Today I was learning about Character Encoding and Unicode but there is one thing I'm not sure about. I used this website to change 字
to Unicode 101101101010111
(which from my understanding is a character set) and same symbol to UTF-16 (a Character Encoding System) 01010111 01011011
which is how it supposes to be saved in memory or desk.
Am I right?
if yes how did Encoding system change 101101101010111
to 01010111 01011011
? how does it work?
Unicode at the core is indeed a character set, i.e. it assigns numbers to what most people think of characters. These numbers are called codepoint.
The codepoint for 字 is U+5B57
. This is the format how codepoints are usually specified. "5B57" is hexadecimal number.
In binary, 5B57
is 101101101010111
, or 0101101101010111
if it is extended to 16 bits. But it is very unusual to specify codepoints in binary.
UTF-16 is one of several encodings for Unicode, i.e. a representation in memory or in files. UTF-16 uses 16-bit code units.

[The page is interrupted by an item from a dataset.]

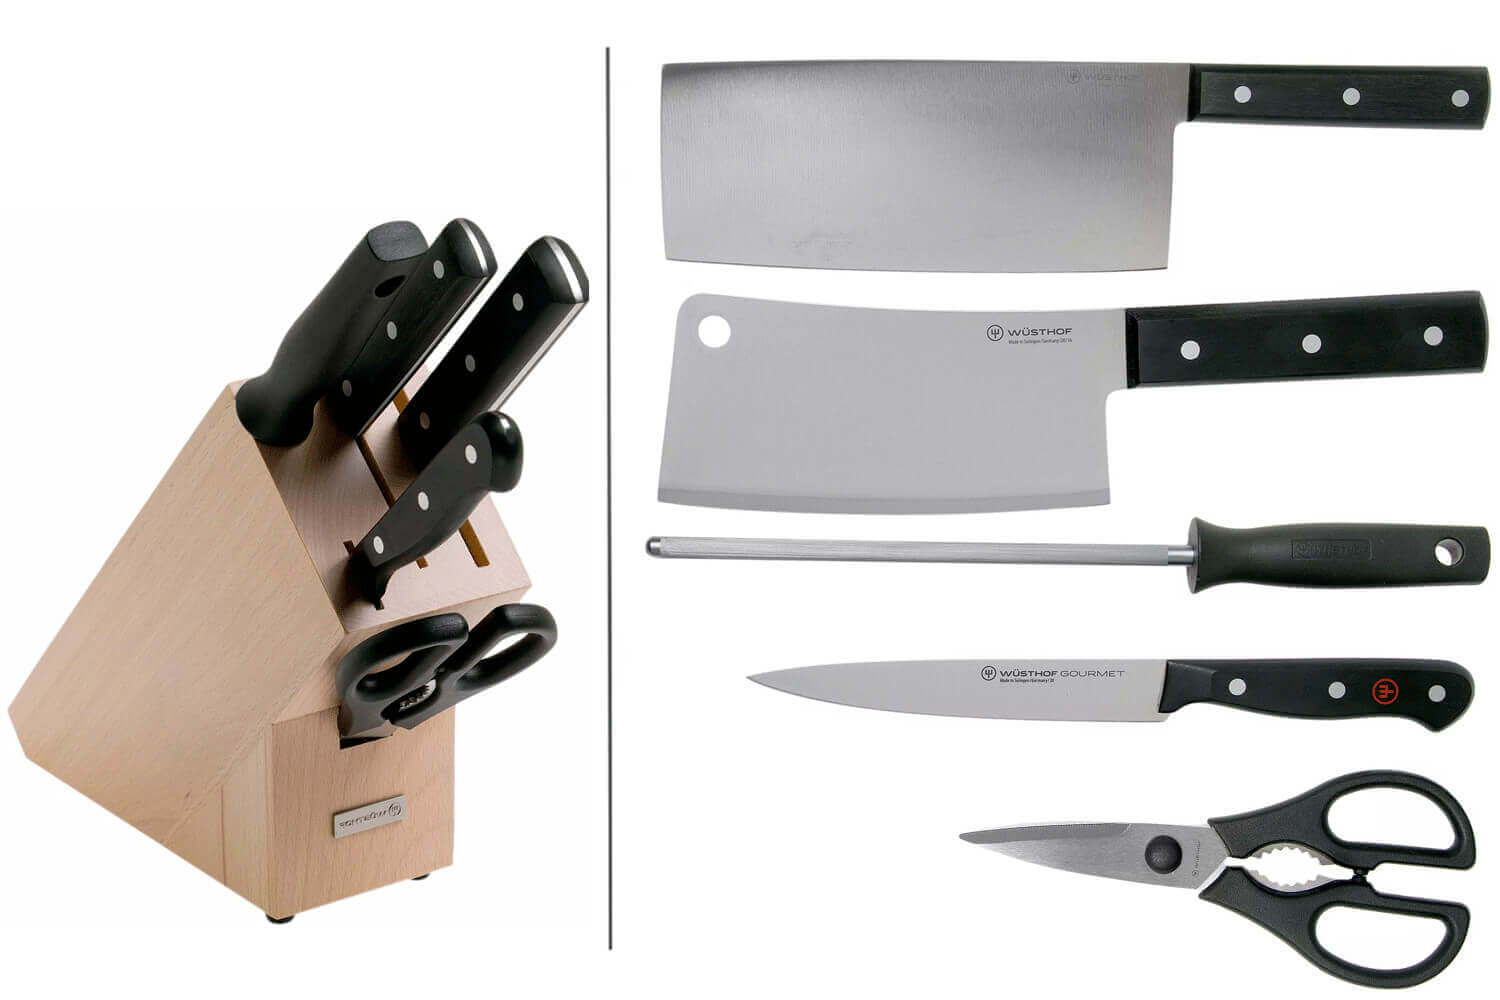 affutage de couteaux , ciseaux , outils de jardin ou d'atelier à

Since 16-bit is 2 bytes, two variants exist for splitting it into bytes:
Often they are called UTF-16LE and UTF-16BE. Since most computers today use a little endian architecture, UTF-16LE is more common.
A single codepoint can result in 1 or 2 UTF-16 code units. In this particular case, it's a single code unit, and it is the same as the value for the codepoint: 5B57
. It is saved as two bytes, either as:
5B 57
(or 01011011 01010111
in binary, big endian)
57 5B
(or 01010111 01011011
in binary, little endian)
The latter one is the one you have shown. So it is UTF-16LE encoding.
For codepoints resulting in 2 UTF-16 code units, the encoding is somewhat more involved. It is explained in the UTF-16 Wikipedia article.